C’est pour les élites que les avantages de l’urbanisation sont les plus évidents
sur le plan de l’existence sociale, comme ils le sont sur le plan économique : ne
disposent-elles pas de la richesse et de la puissance? Ne mènent-elles pas une
existence plus large et plus raffinée? Pour les populations de niveau modeste, la
situation est moins avantageuse et le bilan des aspects positifs et négatifs de la
vie urbaine plus nuancé. Au plan professionnel, la spécialisation plus poussée,
pour les artisans en particulier, apparaît intéressante, car elle permet de mieux
mettre en valeur les aptitudes personnelles; au plan social, les conditions
générales de la vie de relation sont trop voisines de celles de la campagne pour
que l’on ait le sentiment d’une rupture.
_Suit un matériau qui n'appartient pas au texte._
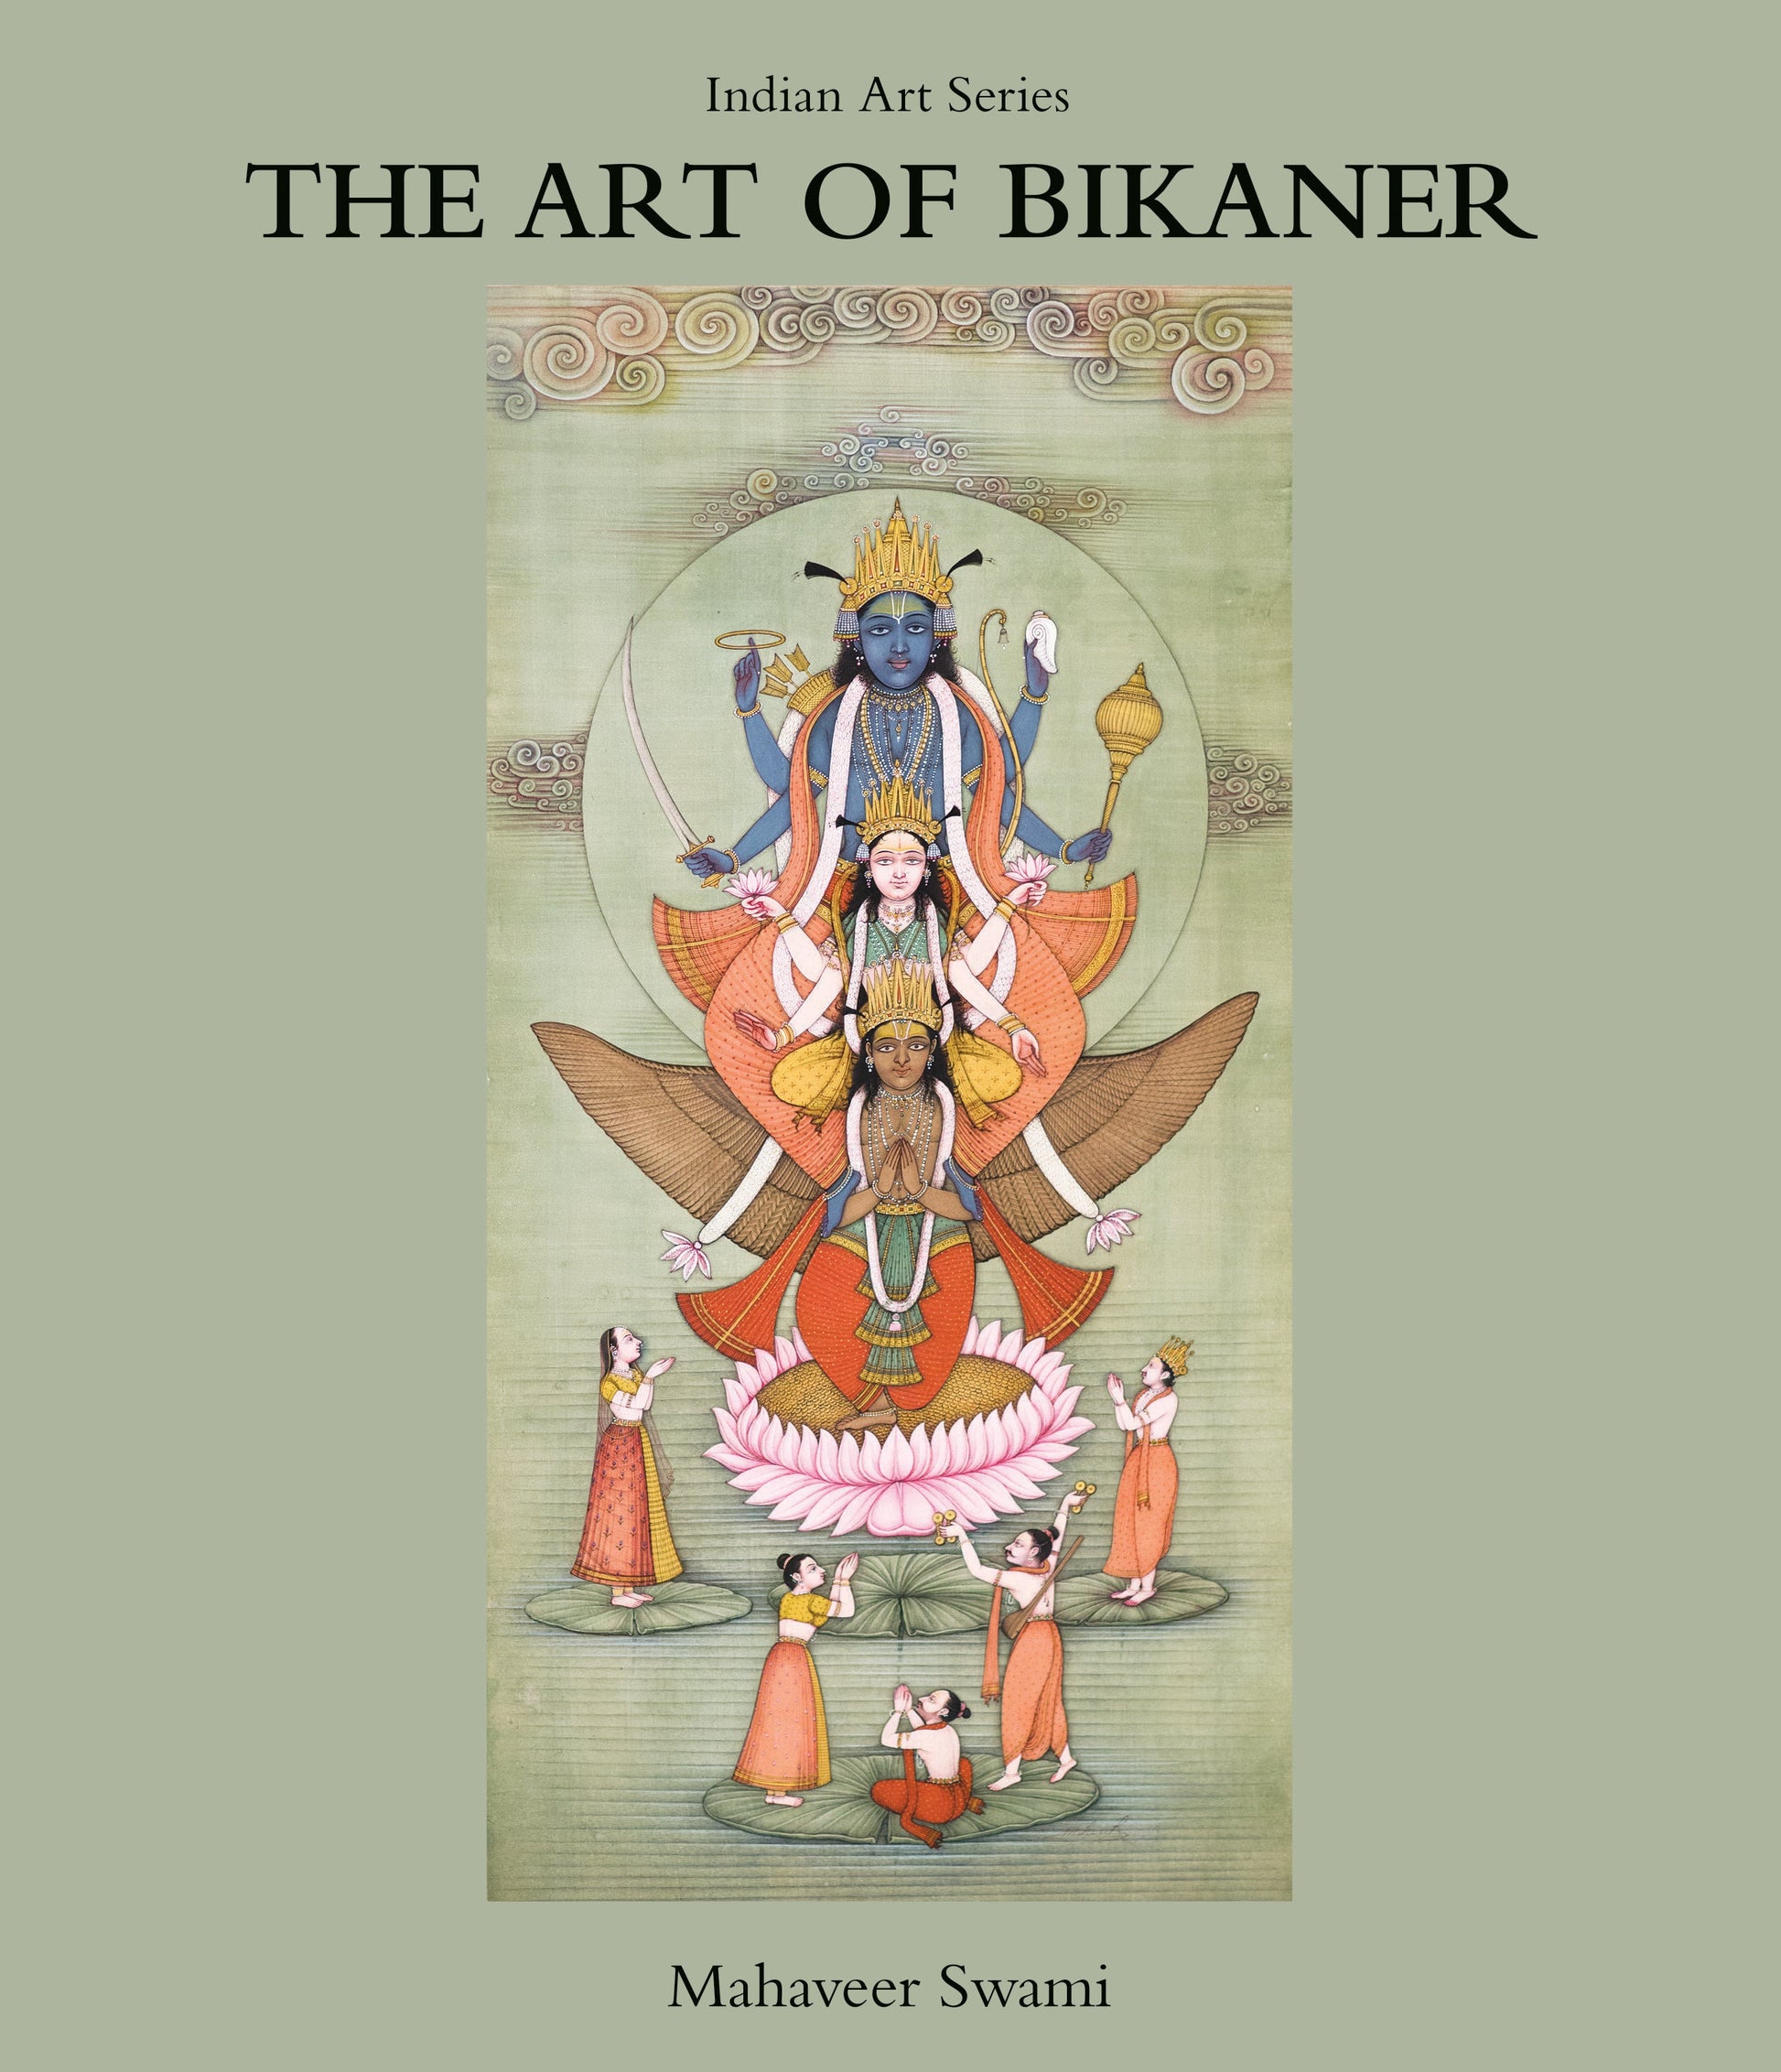 The Art of Bikaner

La possibilité de participer à une vie
culturelle plus riche est cependant ressentie comme un avantage. Dans le
monde musulman, le citadin a seul le possibilité de faire la prière en commun le
vendredi, ce qui valorise son genre de vie par rapport à ceux des ruraux ou des
nomades. Au Moyen Age, la foi s’approfondit dans les milieux urbains; elle y
devient réellement populaire; elle conduit à un élargissement de l’expérience
personnelle de la religion. Le culte est moins chargé de connotations
naturalistes et animistes que dans les milieux où le rythme cosmique de la vie est
plus perceptible; la médiation sur le bien et le mal et sur les mystères de
l’existence individuelle tient plus de place. (Claval, 1991, p. 33.)